Thanks once again to the efforts of Keisuke MORI and NTT, the latest bug fixes have been back-ported from 1.1

Important changes since Pacemaker-1.0.10 include:

cib: Repair the processing of updates sent from peer nodes
crmd: All pending operations should be recorded, even recurring ones with high start delays
crmd: Bug lf#2509 - Watch for config option changes from the CIB even if we’re not the DC
crmd: Bug lf#2528 - Introduce a slight delay when creating a transition to allow attrd time to perform its updates
crmd: Bug lf#2545 - Ensure notify variables are accurate for stop operations
crmd: Bug lf#2559 - Fail actions that were scheduled for a failed/fenced node
crmd: Cancel recurring operations while we’re still connected to the lrmd
crmd: Don’t abort transitions when probes are completed on a node
crmd: Ensure the CIB is always writable on the DC by removing a timing hole
crmd: Update failcount for failed promote and demote operations
PE: Bug lf#2495 - Prevent segfault by validating the contents of ordering sets
PE: Bug lf#2508 - Correctly reconstruct the status of anonymous cloned groups
PE: Bug lf#2544 - Prevent unstable clone placement by factoring in the current node’s score before all others
PE: Bug lf#2554 - target-role alone is not sufficient to promote resources
PE: Ensure fencing of the DC preceeds the STONITH_DONE operation
PE: Ensure that fencing has completed for stop actions on stonith-dependent resources (lf#2551)
PE: Prevent clones from being stopped because resources colocated with them cannot be active
PE: Prevet use-after-free resulting from unintended recursion when chosing a node to promote master/slave resources
Shell: don’t create empty optional sections (bnc#665131)
Tools: Bug lf#2528 - Make progress when attrd_updater is called repeatedly within the dampen interval but with the same value
Tools: Prevent crm_resource commands from being lost due to the use of cib_scope_local

You also can see the full changelog,

As per our release calendar, the next 1.0.x release is planned for mid-September.

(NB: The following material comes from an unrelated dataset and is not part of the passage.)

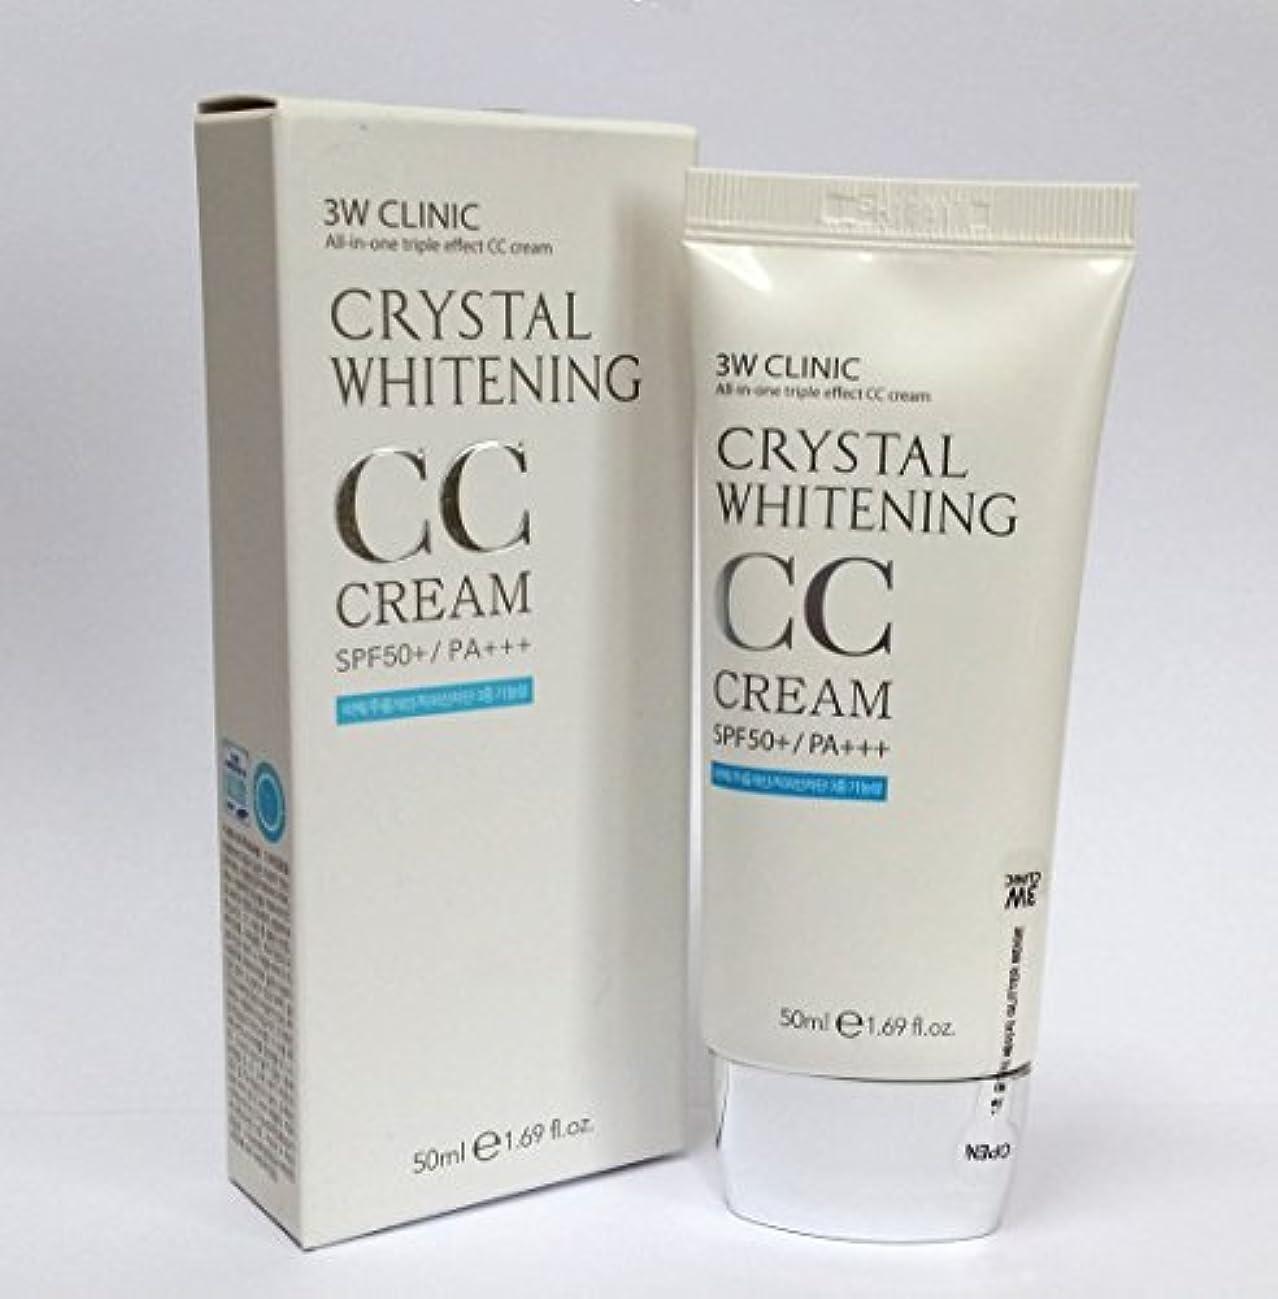 達成ダウンタウン認可[3W CLINIC] クリスタルホワイトニングCCクリーム50ml SPF50 PA +++ / #01 Glitter Beige/Crystal Whitening CC Cream 50ml SPF50 PA++...

The source tarball is also available directly from Mercurial.

Pre-built packages for Pacemaker and it’s immediate dependancies are available immediately for openSUSE 11.2, 11.3, Fedora-13 and EPEL-5 from the ClusterLabs Build Area.

Users of more recent distributions are encouraged to use the latest 1.1.x - either from the 1.1 Build Area or the distribution directly.

General installation instructions are available at from the ClusterLabs wiki.

Feb
23rd

Wed

Pacemaker 1.1.5 Released

The latest installment of the Pacemaker 1.1 release series is now ready for general consumption.

Changesets	184
Diff	605 files changed, 46103 insertions(+), 26417 deletions(-)

As well as the usual round of bug fixes, see the full changelog, S.U.S.E. has implemented support for ACLs. This means that you can now delegate permission to control parts of the cluster (as defined by you) to non-root users.

ACLs are still disabled by default, but you can read their documentation, provide feedback and decide if its something you want to use.

As per our release calendar, the next 1.1 release is planned for mid-April and 1.0.11 should be available in March depending on how quickly we can get the bugfixes from 1.1 backported.

Pre-built packages for Pacemaker and it’s immediate dependancies are available immediately for openSUSE 11.3, Fedora-14 and EPEL-5 from the ClusterLabs Build Area.

The source tarball is also available directly from Mercurial.

General installation instructions are available at from the ClusterLabs wiki.